そういえば、ラクスはB型・・・って血液型は関係ないか。
隣でエイミが、ナツコさんのオススメする花を持ってきてと、言っている。
「あ、はい。少し待っていてくださいね」
数分後。
彼女が持ってきたのは、なんときちゃったカーネーション。
季節はあまりに外れている花。
とはいえ、持ってきてくれたのは事実。
僕とラクスはそれを買って、マルキオ邸に戻った。
エイミはナツコさんとしばらく話してから、戻るとの事。
*
「キラ、約束のものは?」
「季節後れのカーネーションだよ」
何故か、カーネーションに喜ぶ母さん。
やっぱり、プレゼントが欲しかっただけじゃないのかな?
と思いながら、その場を切り抜けた。
でも、あれだけは言っておきたい。
「母さん」
「何?」
「ありがとう」
僕はそう言って、その場を去った。
やっぱり、照れるものだからね。
お礼を言うのって。
「え?ちょっと、キラ!・・・もう、ありがとう、キラ」
END
後書き
久々の短編です。
ネタはマク○スFのものですな。
この作品のキラはまあ、フリーダムみたいに凄いんですがね。
曲はオリコン上位に来るほどに有名な物が多いですので、機会があれば一度聞いてみる事をお勧めします。

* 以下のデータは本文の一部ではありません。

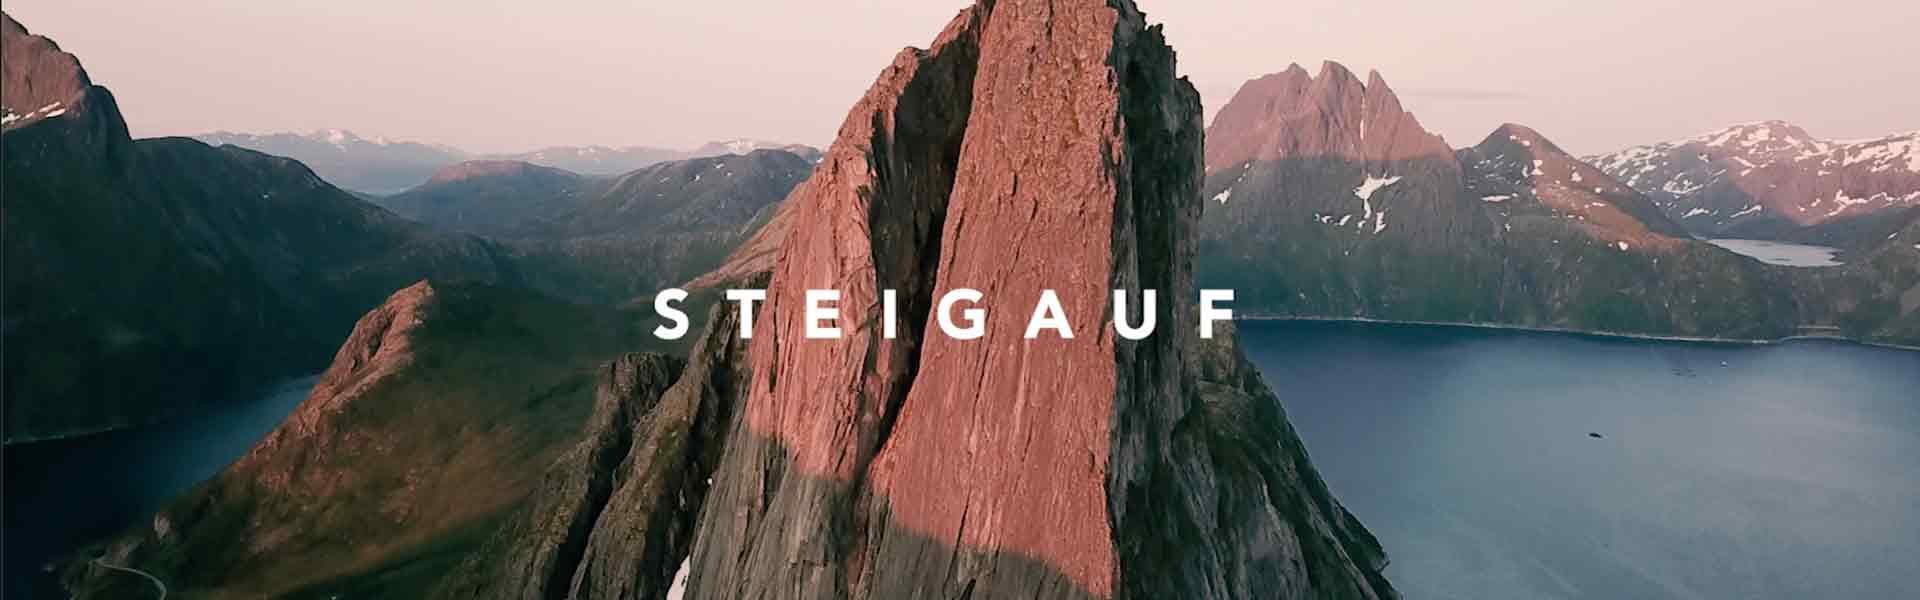 Bergsteiger - Imagefilm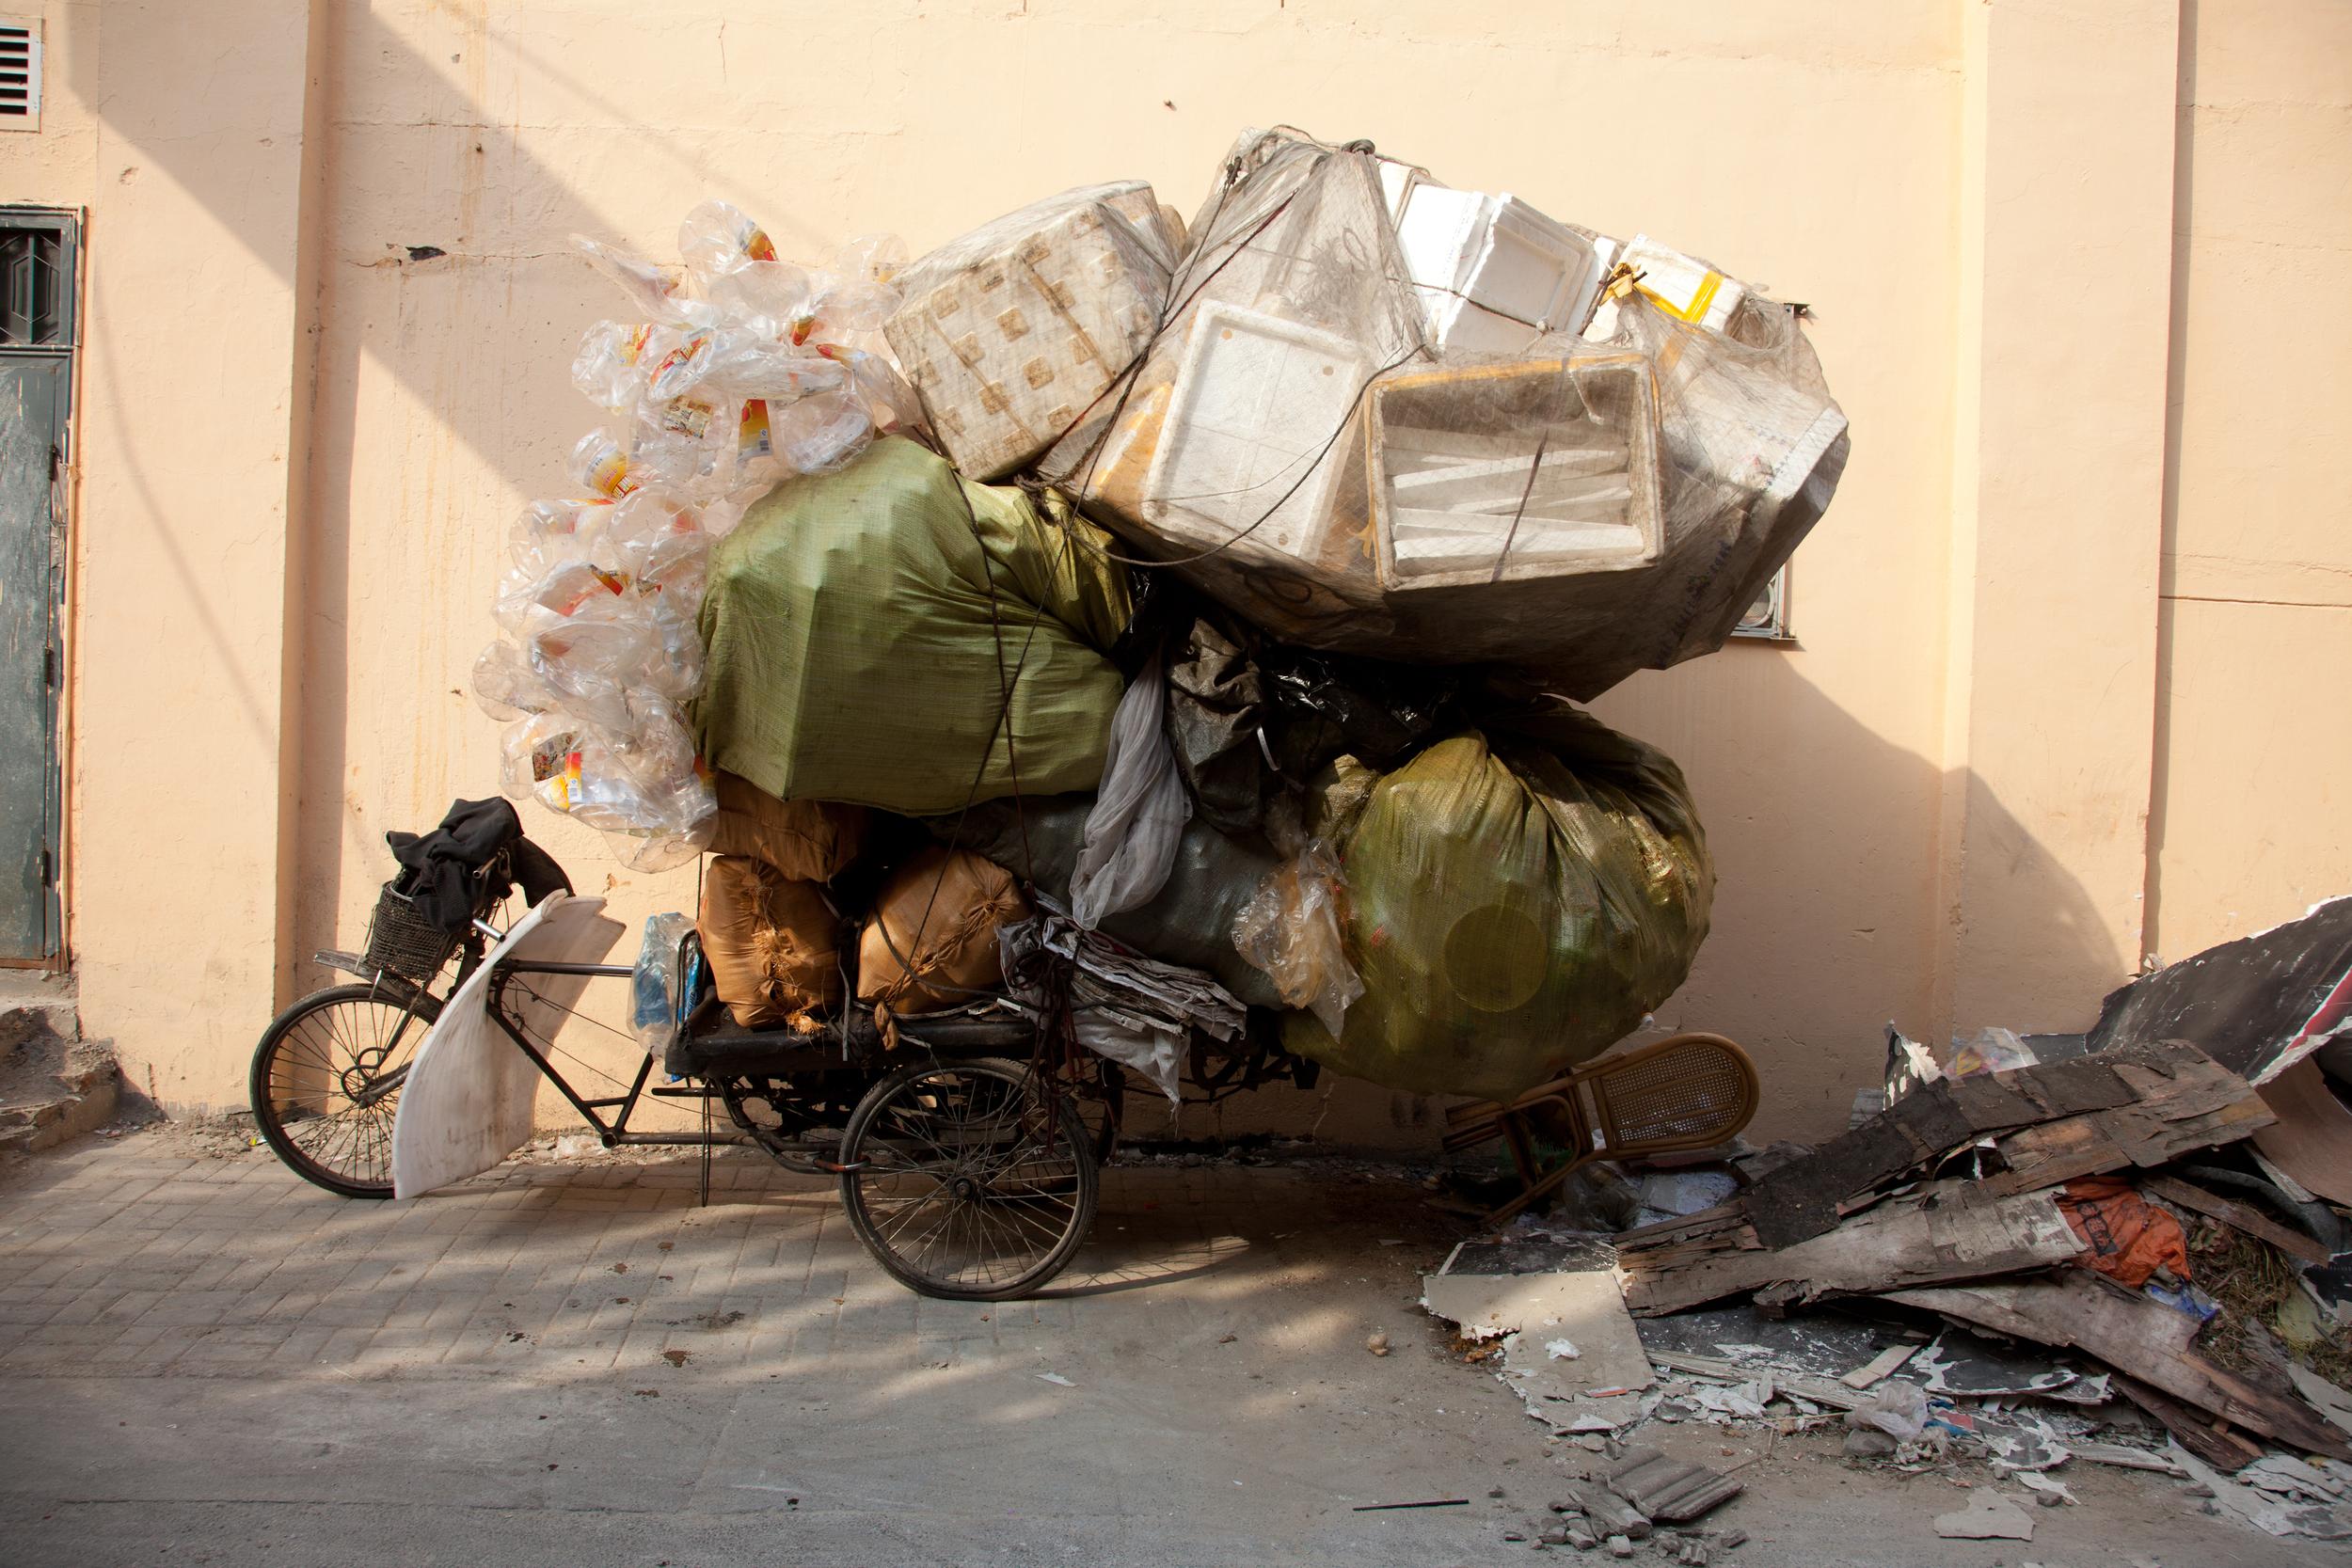 My local neighbourhood recycling unit

作品自体もオススメで、その人気度はブルーレイの売上1位を記録するほど(少し違うかもしれません)+某球団の監督がガンダム禁止令により、この作品に不倫していることでも有名です。
さて、マク○スFの話は置きまして。
というわけで、今回初登場がナツコ。
イメージCVはネタで分かる人も居るかもしれませんが、遠藤綾さんです。
しかし、この時系列(SEED終了後)のみ変な方向へ拡張されてますね。
いい加減、DESTINY終了後も書きたいのですが、創作意欲が・・・。